REQUIREMENT: What is needed is an exact transcription of the listing, with the images removed.

DATA EXTRACT:

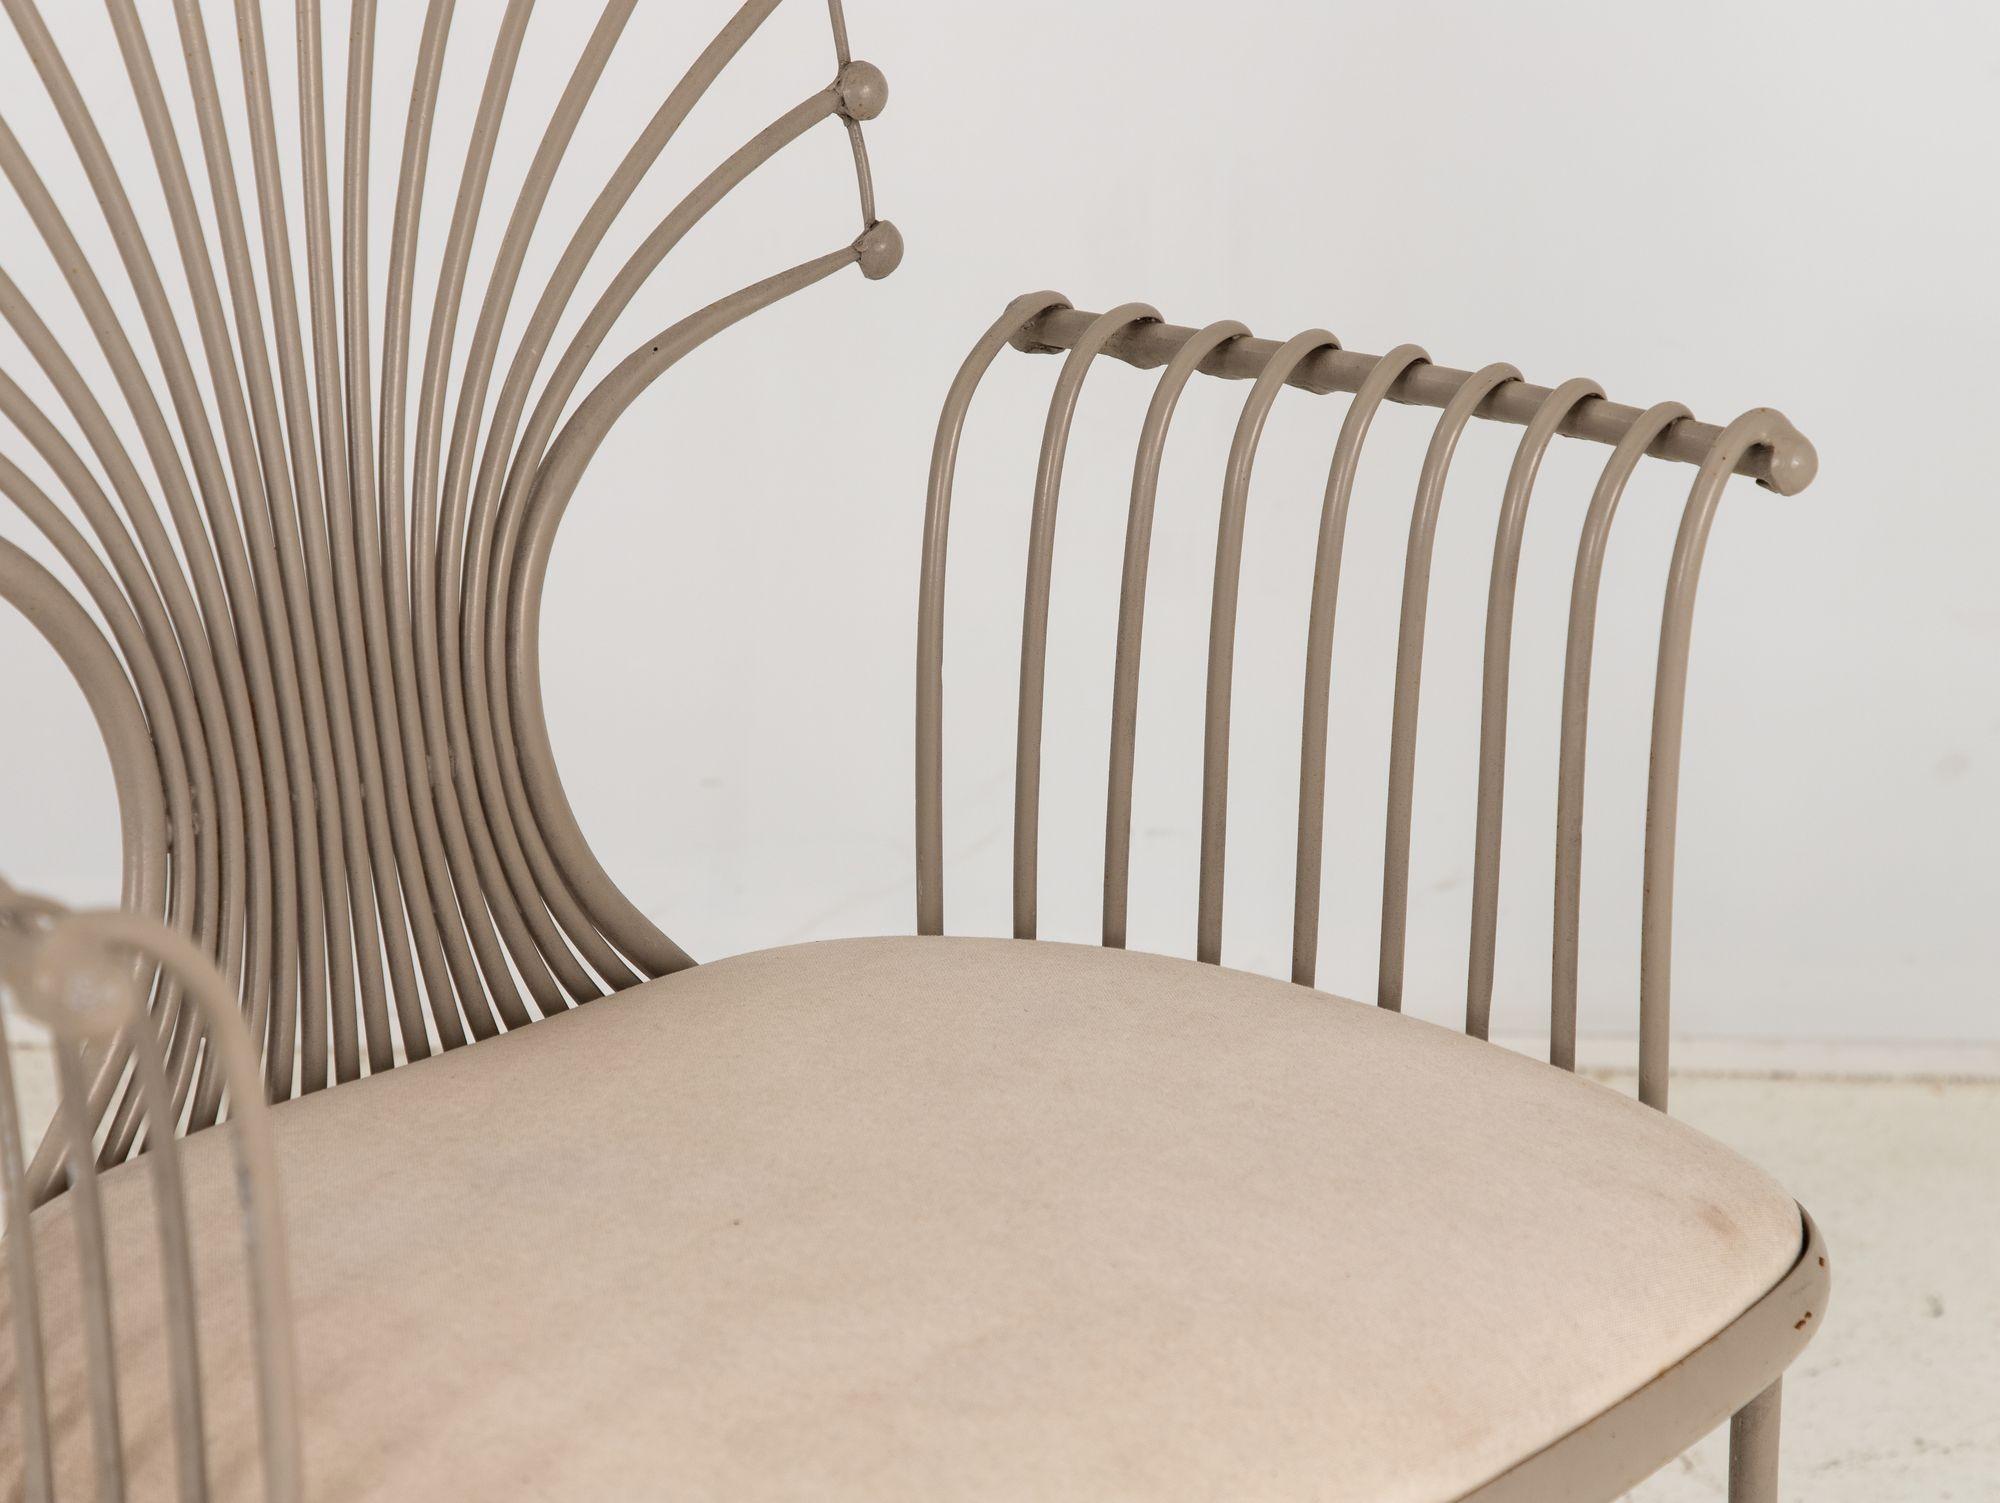 Sessel mit Pfauen- oder Weizengarbenblattmotiv, grau lackiertes Aluminium, Sessel im Angebot 5
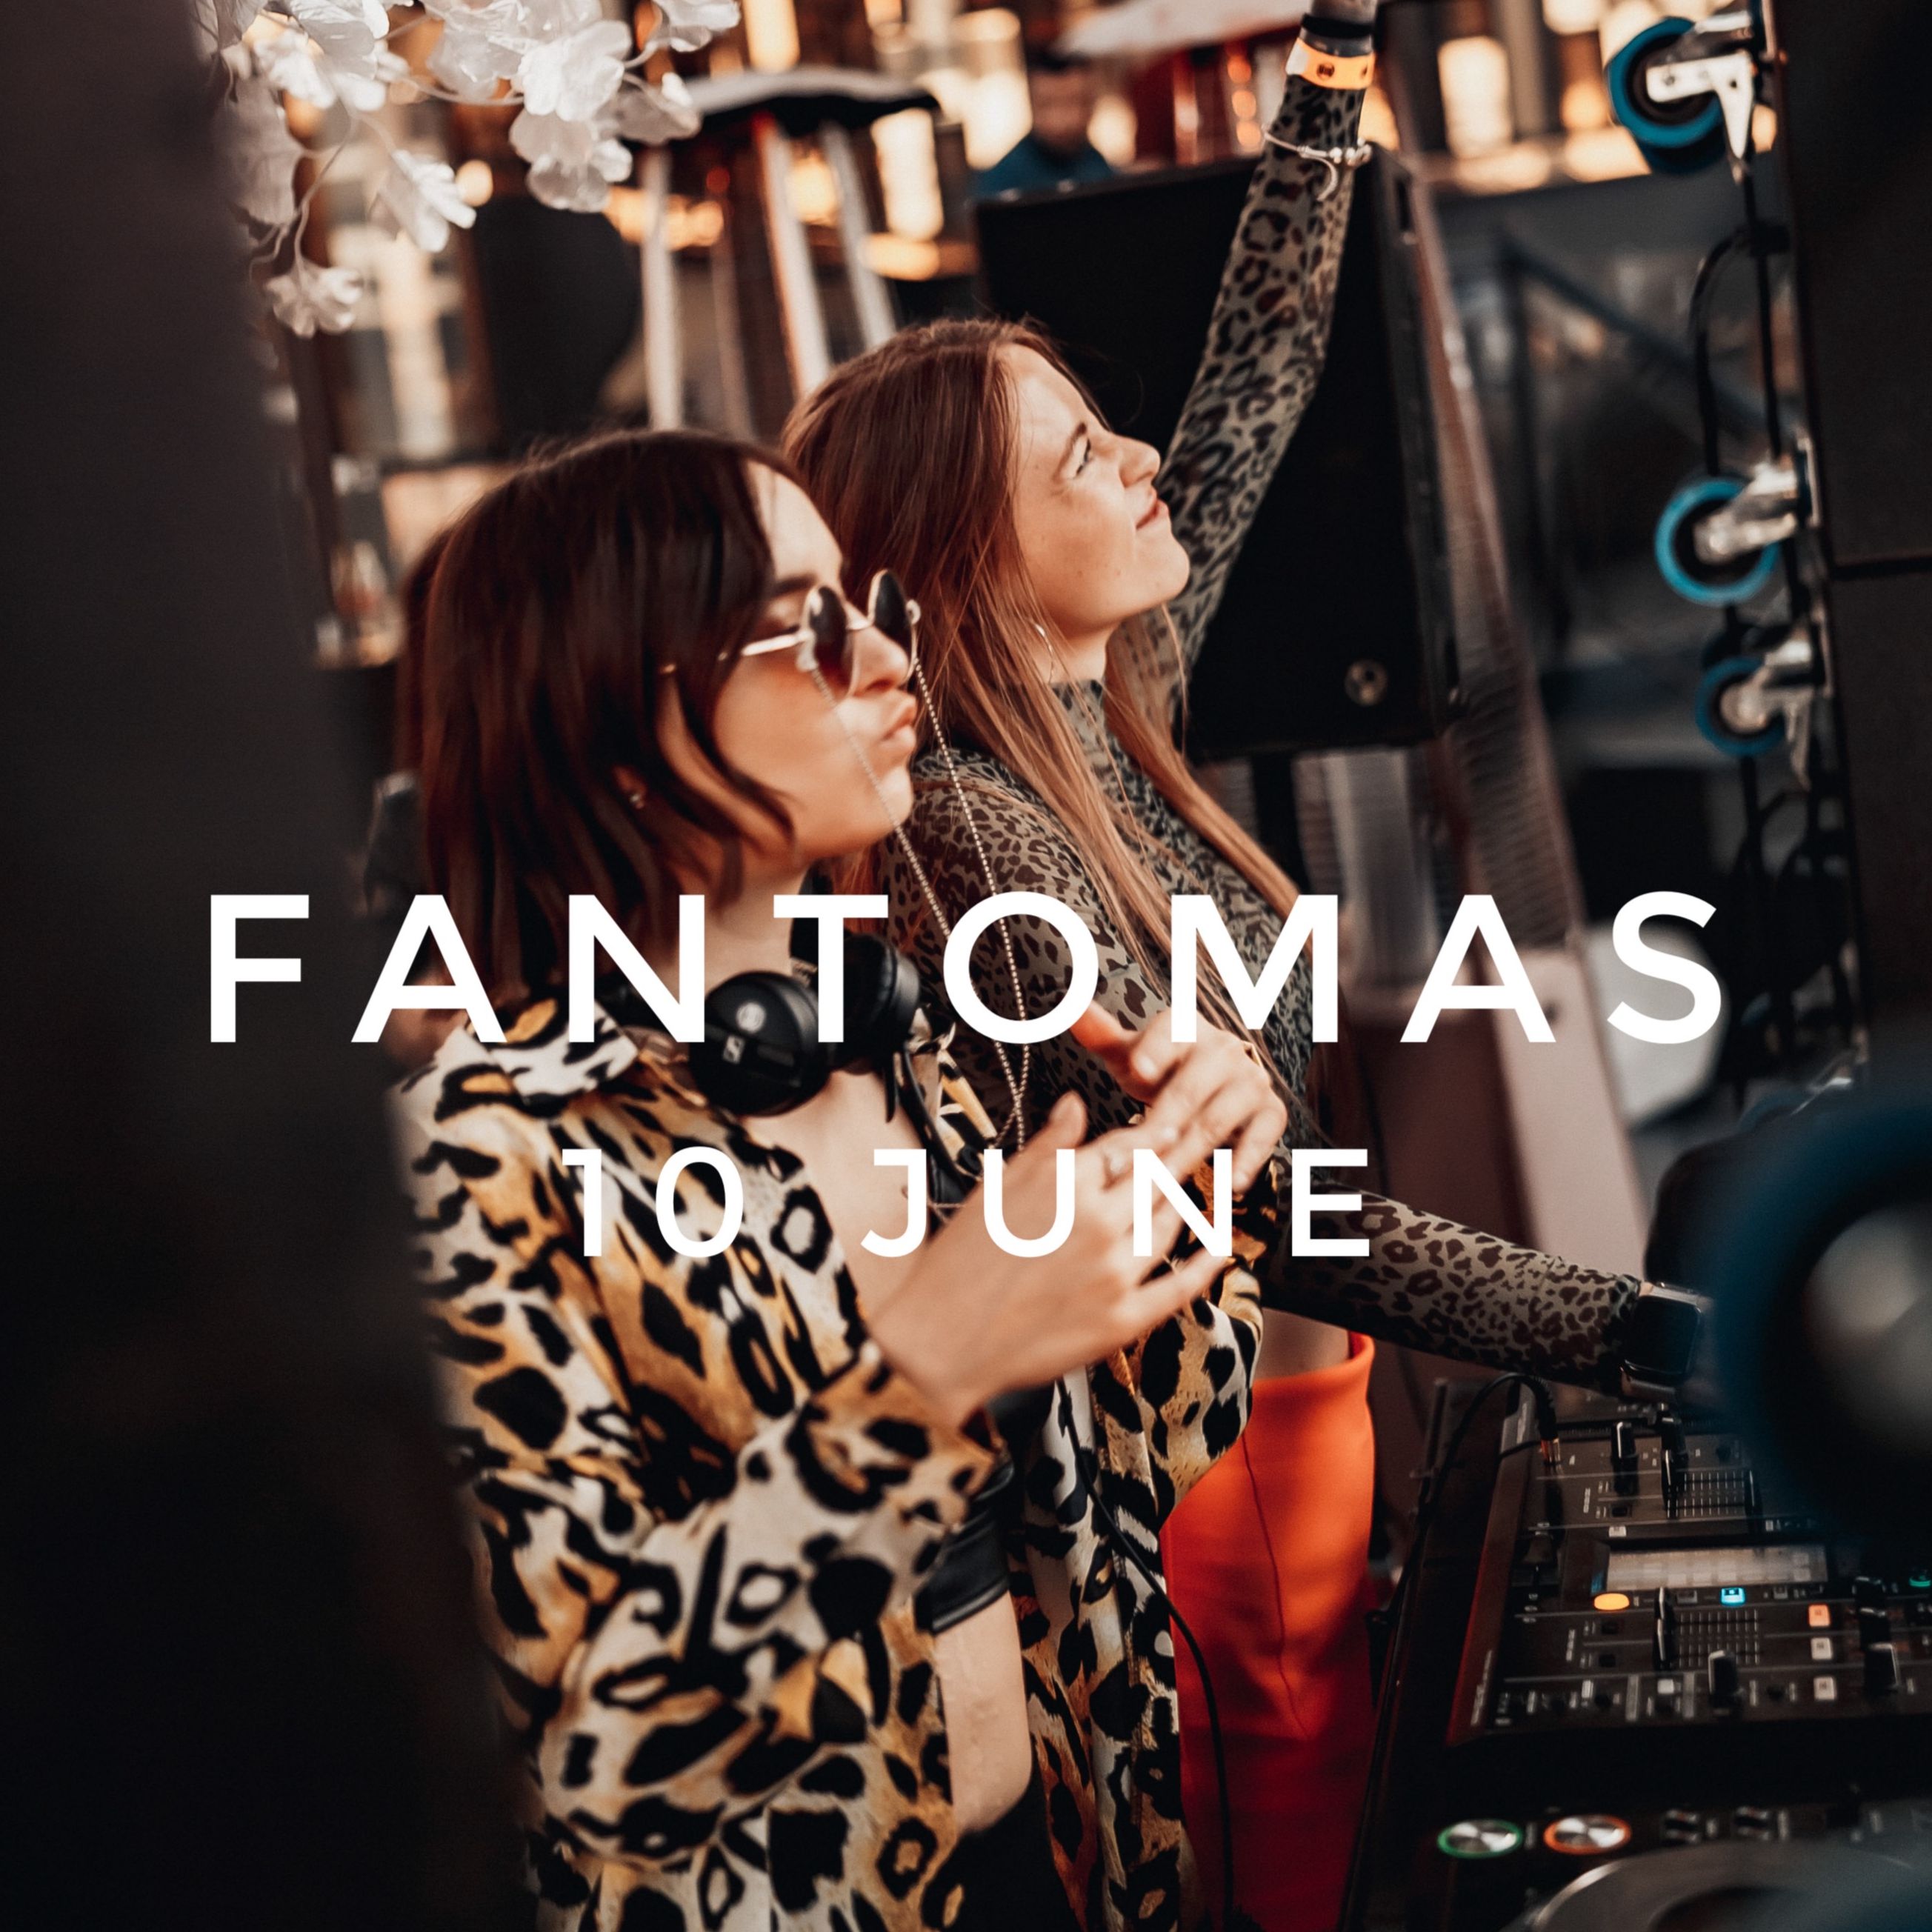 Ladata Natasha Wax & Sony Vibe - @Fantomas Rooftop 10.06
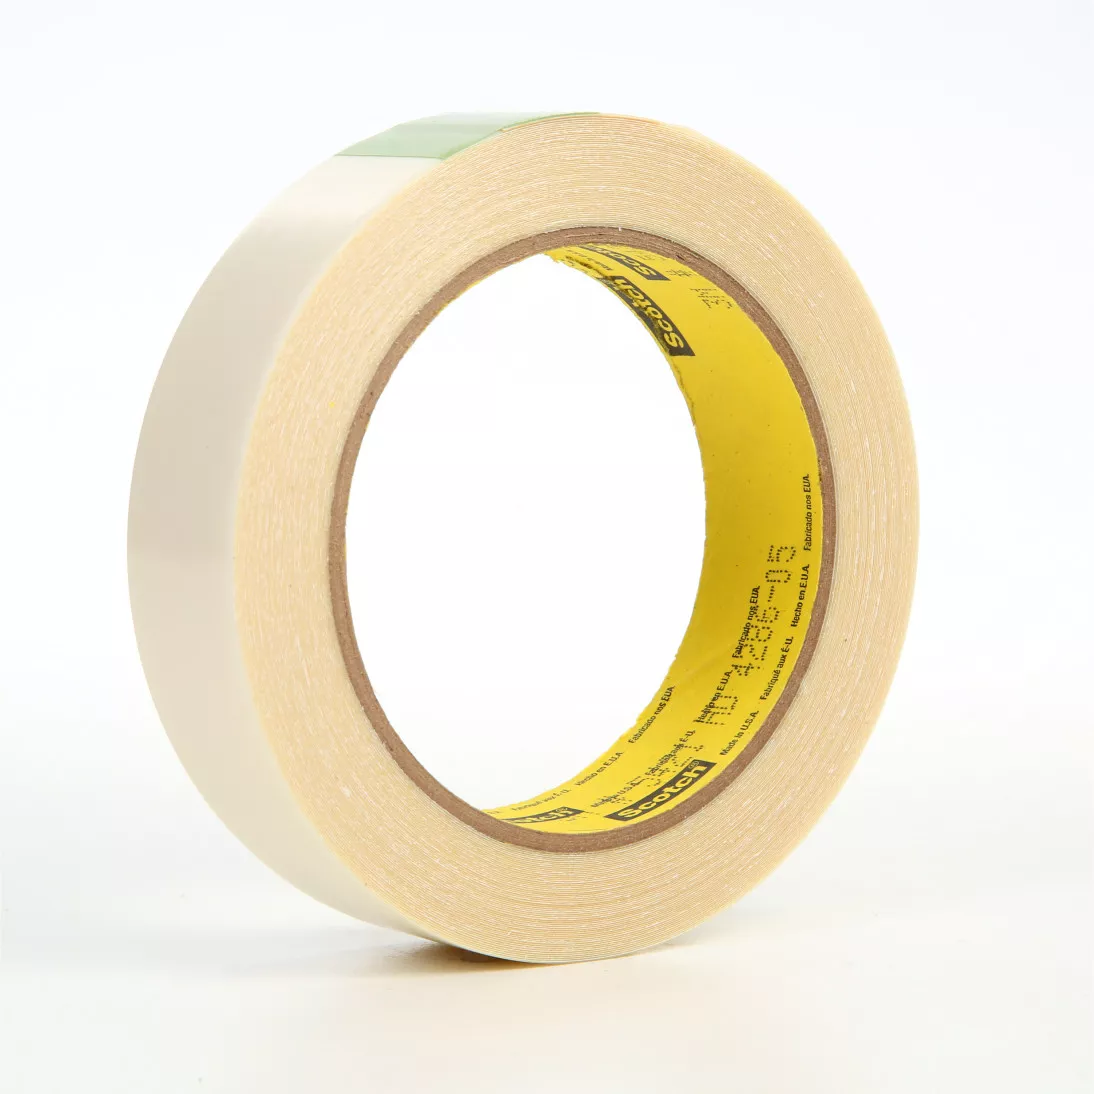 3M™ UHMW Film Tape 5421, Transparent, 1 in x 18 yd, 6.7 mil, 9 rolls per
case

YOUR SOLUTION:
 Sessel mit Pfauen- oder Weizengarbenblattmotiv, grau lackiertes Aluminium, Sessel im Angebot 5
 Ladata Natasha Wax & Sony Vibe - @Fantomas Rooftop 10.06
 3M™ UHMW Film Tape 5421, Transparent, 1 in x 18 yd, 6.7 mil, 9 rolls per
case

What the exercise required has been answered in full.